En las primeras palabras de León XIV hay una indicación preciosa para la vida de la Iglesia
Por Andrea Tornielli – Vatican News
Hay palabras destinadas a marcar el rumbo. En la primera homilía de León XIV como Papa, impresiona el íncipit, con la reiterada profesión de fe de Pedro, de aquellas palabras que también Juan Pablo I quiso repetir al final de la homilía de la Misa de inicio de su pontificado: «Tú eres el Cristo, el Hijo de Dios vivo». Pero también hay una mirada a la Iglesia y a cómo se ejerce cualquier servicio en la Iglesia, lo cual se refleja en las frases finales. Es una cita de San Ignacio de Antioquía, llevado al martirio: “Entonces seré verdaderamente discípulo de Jesucristo, cuando el mundo ya no vea mi cuerpo”. El gran Padre de la Iglesia se refería a su ser devorado por las fieras, pero esa expresión es iluminadora para todo momento y circunstancia de la vida cristiana: «sus palabras –dijo el nuevo Obispo de Roma– recuerdan, en sentido más general, un compromiso indispensable para quien en la Iglesia ejerce un ministerio de autoridad: desaparecer para que Cristo permanezca, hacerse pequeño para que Él sea conocido y glorificado, gastarse completamente para que a nadie le falte la oportunidad de conocerlo y amarlo». Desaparece, hazte pequeño, para que Él sea conocido. Abandonar todo protagonismo, toda confianza mundana en el poder, en las estructuras, en el dinero, en los proyectos de marketing religioso, para abandonarnos a Aquel que guía la Iglesia, sin quien –como Él mismo dijo– no podemos hacer nada. Abandonarnos a la acción de su gracia, que nos precede siempre.
Hay, también en esta mirada del nuevo Papa, una significativa continuidad con su predecesor Francisco, que había citado repetidamente el mysterium lunae, la imagen de la luna utilizada por los Padres de la Iglesia para describir a la Iglesia, que se engañaría si pensase que puede brillar con luz propia puesto que sólo puede reflejar la luz de Otro.
Al inicio de su camino, el nuevo Papa, misionero nacido en Estados Unidos y que vivió en las periferias del mundo como pastor “con olor a oveja”, parece hacerse eco de las palabras de Juan Bautista sobre Jesús: Él debe crecer, pero yo debo menguar. Todo en la Iglesia existe para la misión, es decir, para que Él crezca. Todos en la Iglesia –desde el Papa hasta el último bautizado– deben hacerse pequeños, para que Jesús sea conocido, para que Él sea protagonista. Hay en esto la inquietud agustiniana de la búsqueda de la verdad, de la búsqueda de Dios, que se convierte en inquietud de conocerlo cada vez más y de salir de nosotros mismos para darlo a conocer a los demás, para que se reavive en todos el deseo de Dios.

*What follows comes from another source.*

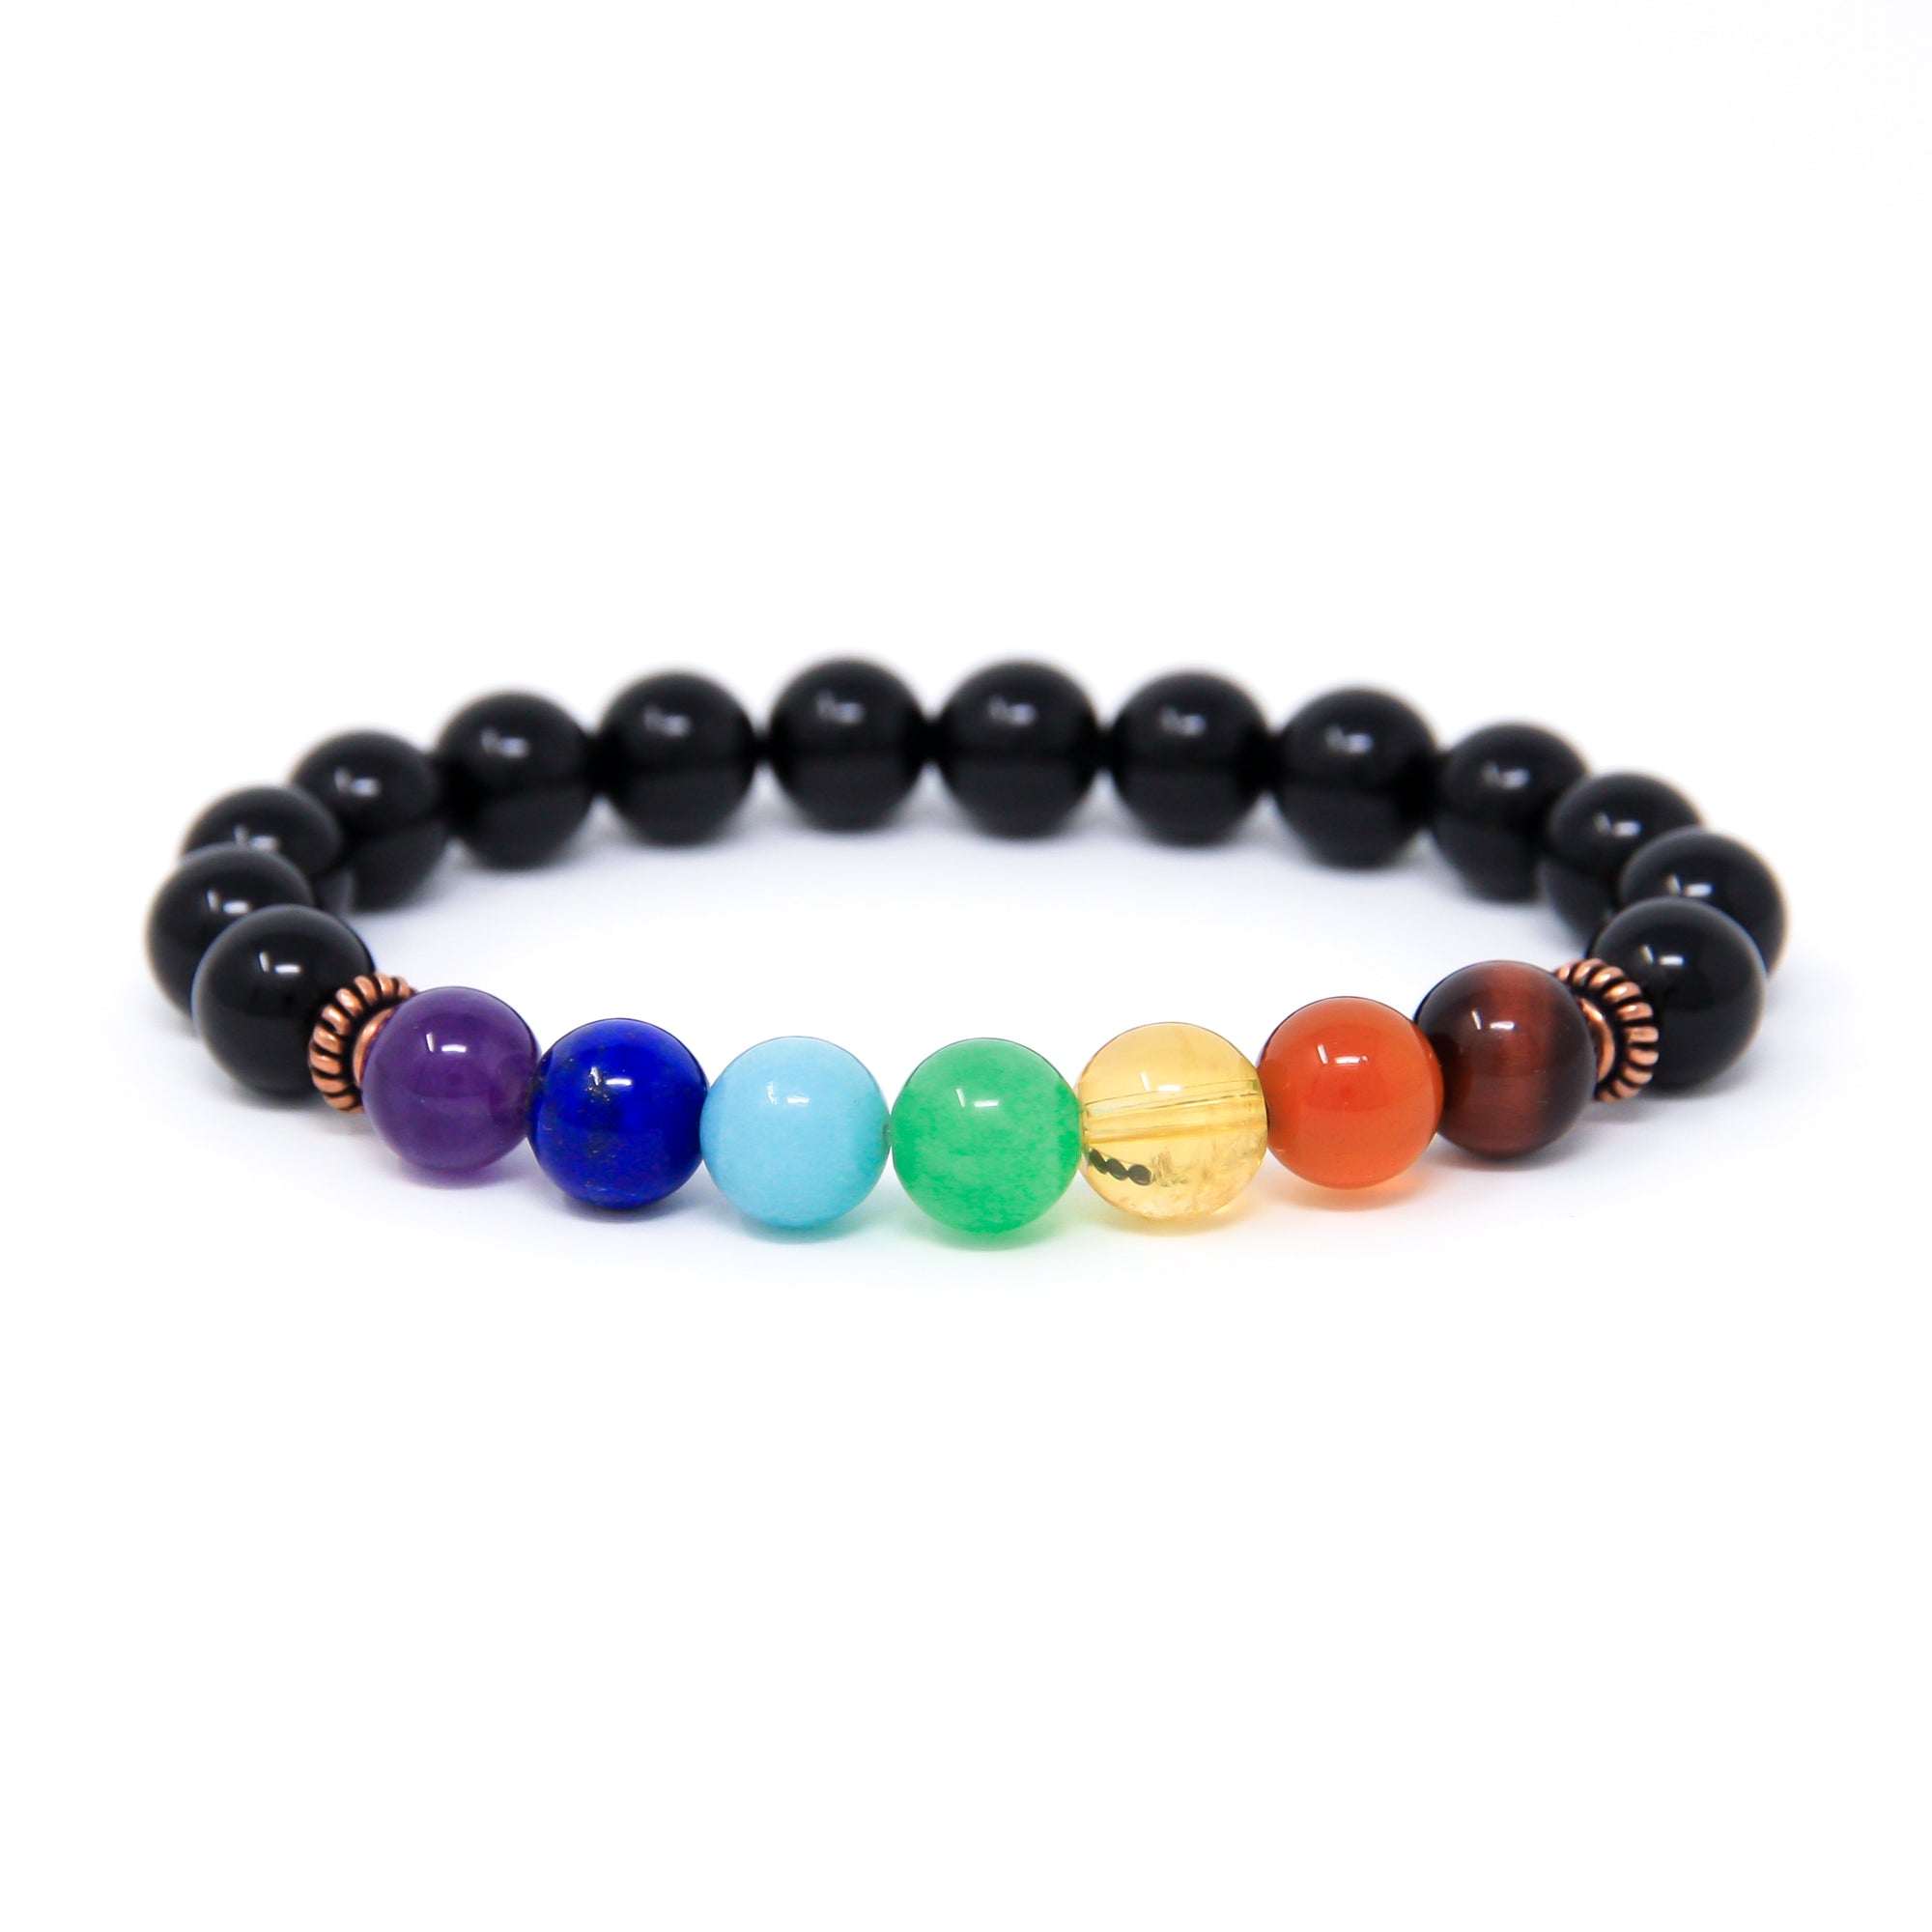 How to Use a Chakra Bracelet and its Benefits: A Beginner's Guide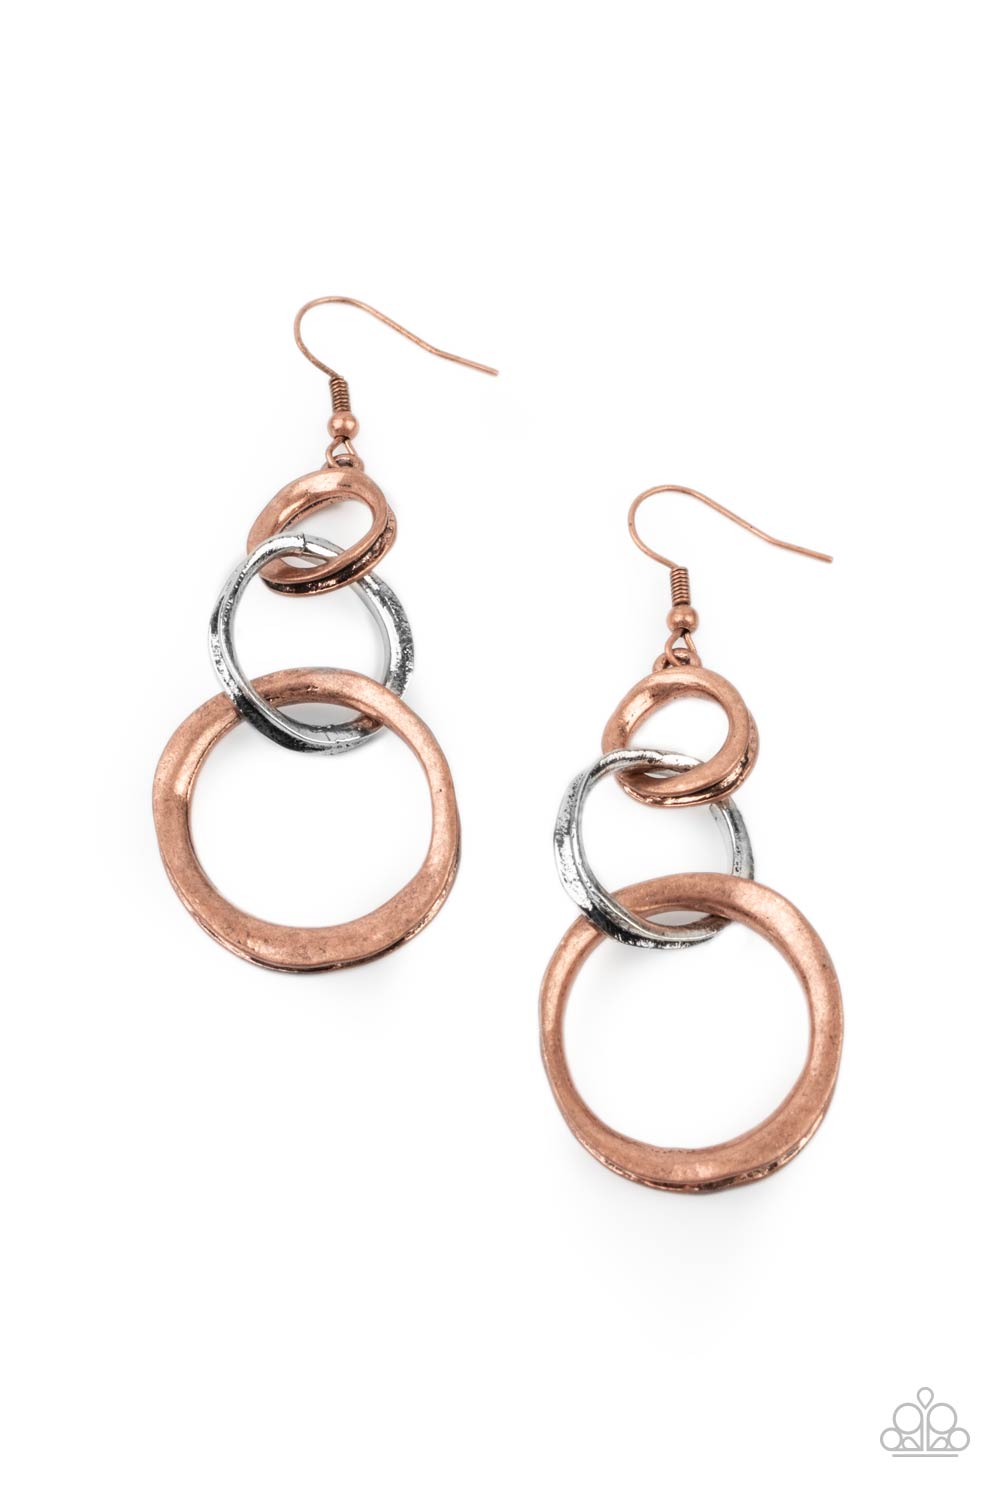 Harmoniously Handcrafted - Copper - The V Resale Boutique

Llama la atención la elección del nombre Leone, que lo conecta directamente con la gran y muy actual tradición de la Doctrina Social de la Iglesia, con la defensa de los trabajadores, con la petición de un sistema económico-financiero más justo. Es significativa la sencillez de su primer saludo, la invocación a la paz pascual, esa paz tan necesaria, y la apertura a todos que hace eco del “todos, todos, todos” de Francisco. Es sorprendente la voluntad de continuar el camino sinodal. Finalmente, llaman la atención el Ave María recitado, ayer, con el Pueblo de Dios, en el día de la Súplica a la Virgen de Pompeya, y la invocación final de su primera homilía, una gracia pedida «con la ayuda de la ternísima intercesión de María, Madre de la Iglesia».
Ayer, una vez más, tuvimos la confirmación de ello: en el momento del extra omnes ocurrió en la Capilla Sixtina algo que no puede explicarse enteramente con la lógica y los esquemas humanos. Que 133 cardenales procedentes de todos los rincones de la tierra, muchos de ellos sin haberse conocido jamás, lleguen en veinticuatro horas para designar al Obispo de Roma y Pastor de la Iglesia universal es un bello signo de unidad. El testimonio del Sucesor de Pedro, que hace unos días brilló en la fragilidad de Francisco y en su última bendición pascual al pueblo, ha pasado ahora a un dulce obispo misionero, hijo de san Agustín. La Iglesia está viva porque Jesús está vivo y presente, y la guía a través de discípulos muy frágiles, dispuestos a desaparecer para que Él, y sólo Él, permanezca.